Friday, March 6, 2009

Interview questions

1) What's the difference between fopen and open?
fopen/fread/fwrite have buffer to fasten I/O process, but open/read/write
dosen't

open() is not standard and might not be implemented in some standard-conforming hosted environments, whereas fopen() is standard and is implemented in all standard-conforming hosted environments. Therefore for portability, use the standard functions, not (emulated)
Unix system service calls.

There are other functional differences, the most notable being that the stdio stream uses a buffer in "user space", whereas the direct system-call I/O does not. (There might or might not be kernel-space buffers in both cases.) This can matter if record length is important; for example, if you want to write a magnetic tape record of length 80, write(fd,buf,80) will do that, whereas fwrite(buf,80,1,fp) will likely just put the data in a user-space buffer, with the actual write occurring eventually when the buffer is full - which will result in something like a 512-byte
magtape record. You could perhaps work around that by issuing a fflush(fp) after the fwrite(), but it's a kludgy way to accomplish what write() does directly.

2) Difference between Threads and process

A single process can have multiple threads that share global data and address space with other threads running in the same process, and therefore can operate on the same data set easily. Processes do not share address space and a different mechanism must be used if they are to share data.
If we consider running a word processing program to be a process, then the auto-save and spell check features that occur in the background are different threads of that process which are all operating on the same data set (your document).

Creation of new process requires new resources and Address space whereas the thread can be created in the same address space of the process which not only saves space and resources but are also easy to create and delete,and many threads can exhists in a process.

Threads share the address space of the process that created it; processes have their own address.

Threads have direct access to the data segment of its process; processes have their own copy of the data segment of the parent process.


Threads can directly communicate with other threads of its process; processes must use inter-process communication to communicate with sibling processes.

Threads have almost no overhead; processes have considerable overhead.

New threads are easily created; new processes require duplication of the parent process.

Threads can exercise considerable control over threads of the same process; processes can only exercise control over child processes.

Changes to the main thread (cancellation, priority change, etc.) may affect the behavior of the other threads of the process, changes to the parent process does not affect child processes.


Both have an id, set of registers, state, priority, and scheduling policy.

Both have attributes that describe the entity to the OS.

Both have an information block.

Both share resources with the parent process.

Both function as independent entities from the parent process.

The creator can exercise some control over the thread or process.

Both can change their attributes.

Both can create new resources.

Neither can access the resources of another process.


3) Difference between mutex and critical section

A concrete example of program using a mutex between process, is the registry (advapi32.dll).

All registry operations use the same mutex to modify the internal hash-table that represents the registry (Under Windows 95 and 98 at least).

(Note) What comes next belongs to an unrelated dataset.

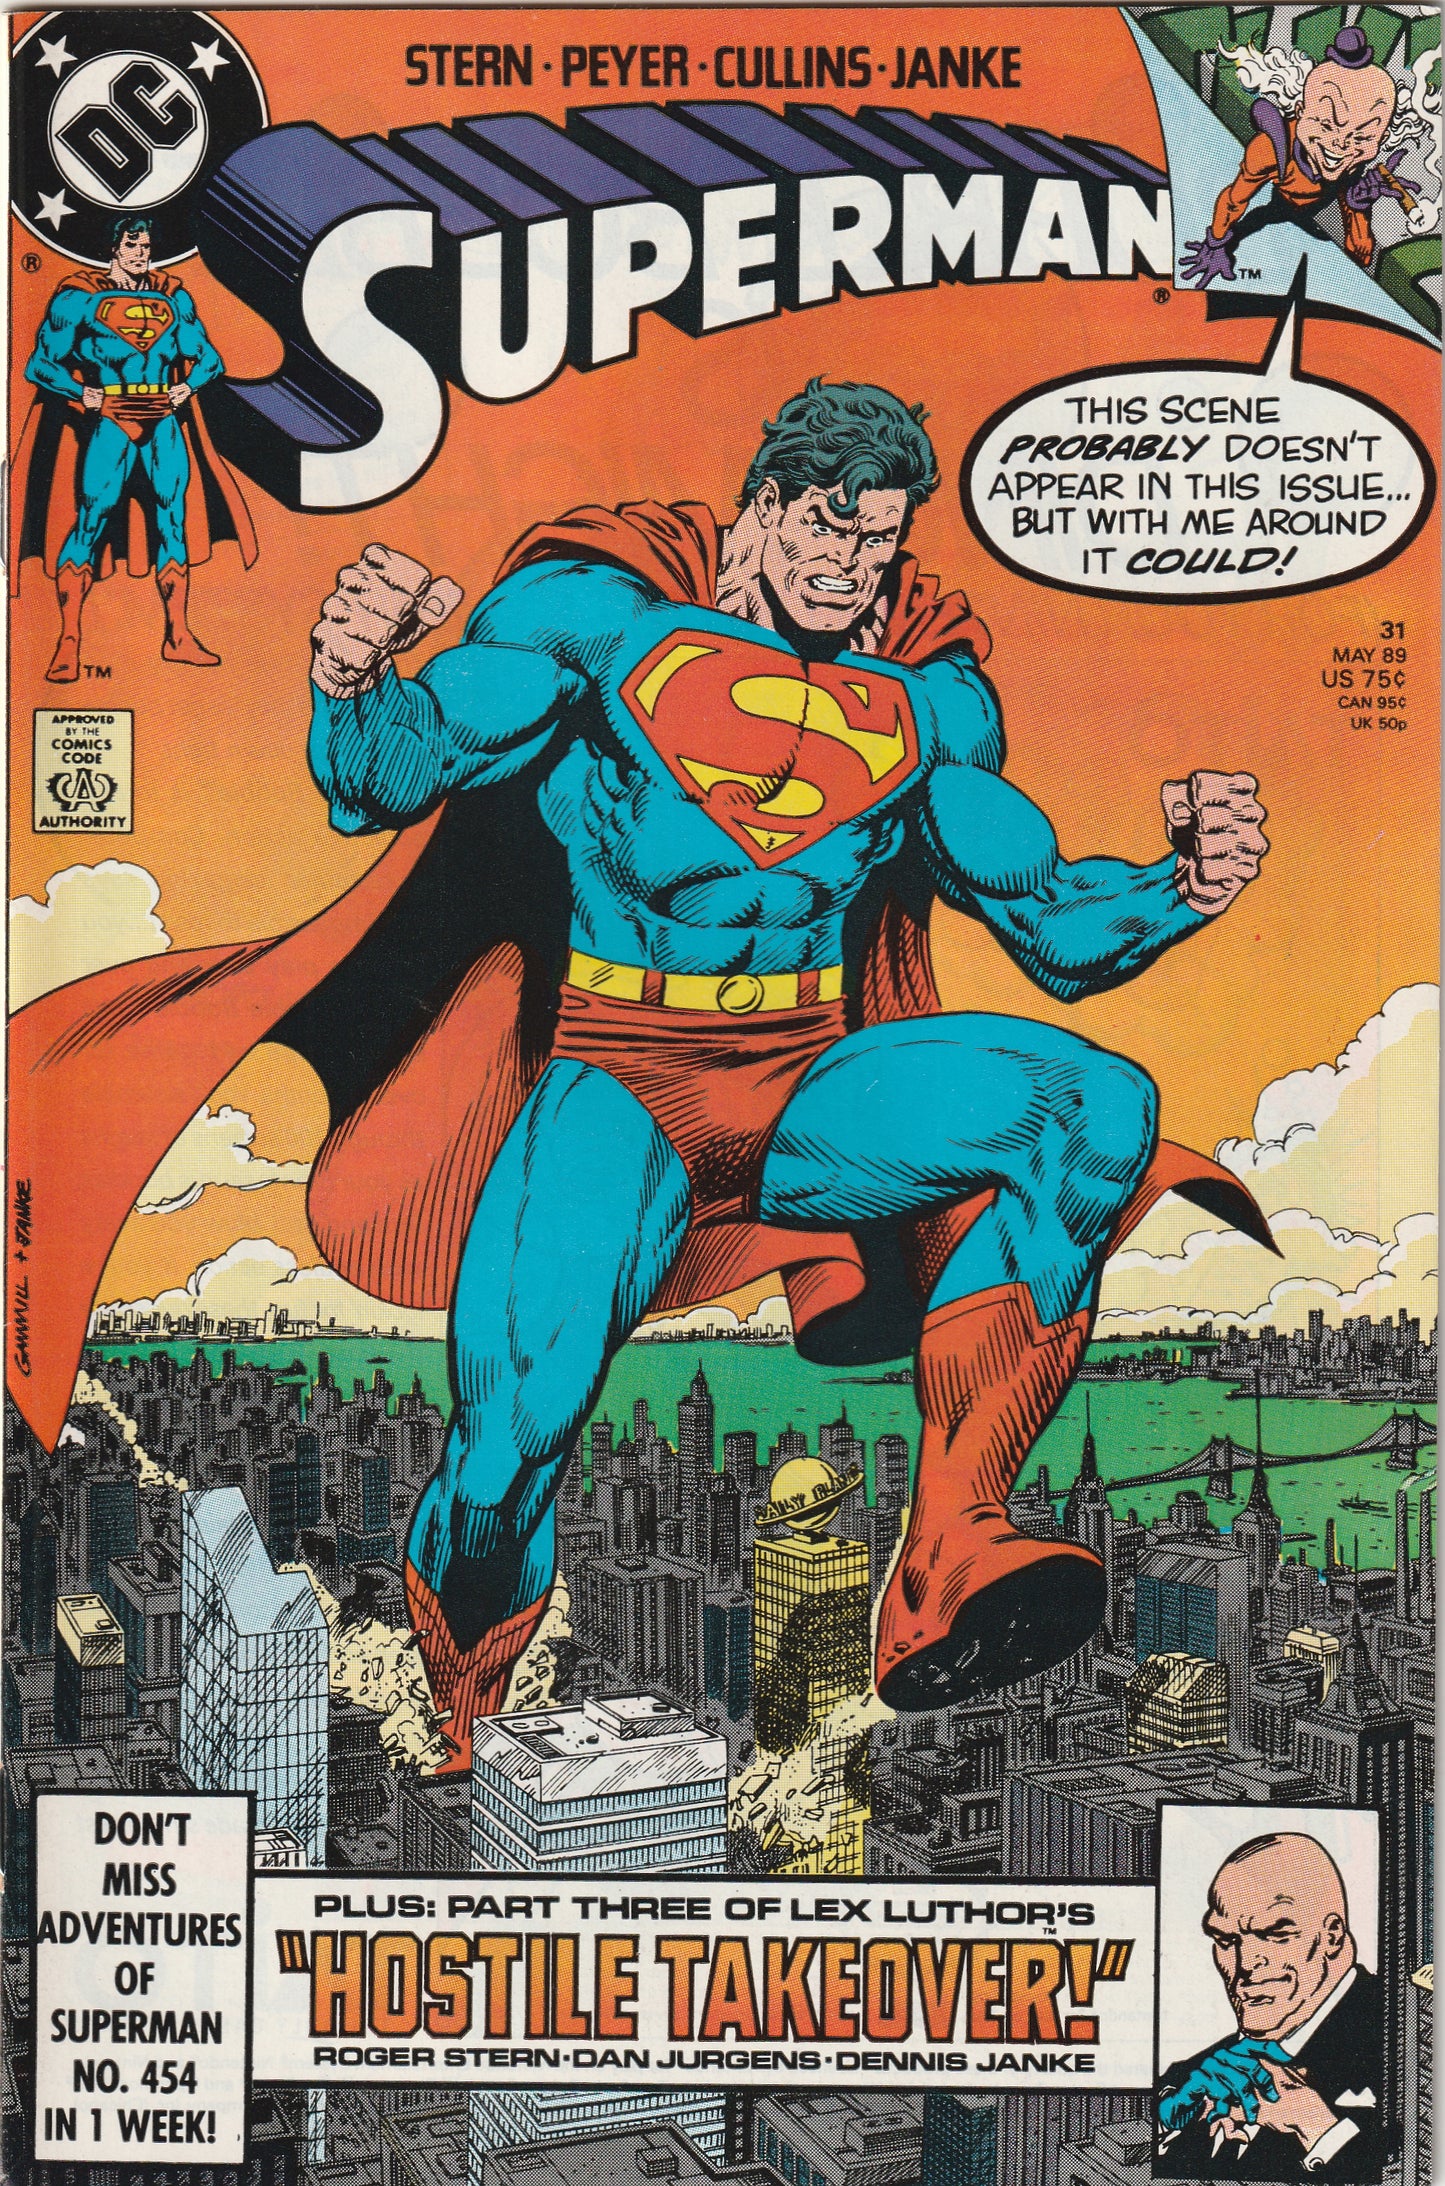 Superman #31 (Vol 2, 1989)

So remember (on multiprocessor platform at least) that a registry function is relatively slow.

I think that CriticalSections use internally a Semaphore, and that a request to a critical section is very, very fast if the critical section if not currently used (for many applications, that is almost always the case), and if not it is slow like a normal mutex or semaphore.

Quite often you'll see reference to the speed differences between the user mode critical section and the kernel objects mutex and semaphore. I really don't pay much attention to these 'speed' differences because either you can use a critical section or you can't.

If you are synchronizing data shared between multiple threads of the same process, you can use a critical section. Yes, you *could* use a mutex or semaphore, but they will be a few clock cycles slower because they are kernel objects. A good general usage rule is: When in the same process, prefer to use the critical section.

When you are synchronizing data shared between multiple processes, you can't use a critical section. So it doesn't matter that the mutex or semaphore is slower than the critical section, since you can't use a critical section anyway across processes.

I usually follow this rule: "Slower, properly synchronized data is still better than fast, corrupt data!"

A critical section object provides synchronization similar to that provided by a mutex object, except that a critical section can be used only by the threads of a single process. Event, mutex, and semaphore objects can also be used in a single-process application, but critical section objects provide a slightly faster, more efficient mechanism for mutual-exclusion synchronization (a processor-specific test and set instruction). Like a mutex object, a critical section object can be owned by only one thread at a time, which makes it useful for protecting a shared resource from simultaneous access. Unlike a mutex object, there is no way to tell whether a critical section has been abandoned.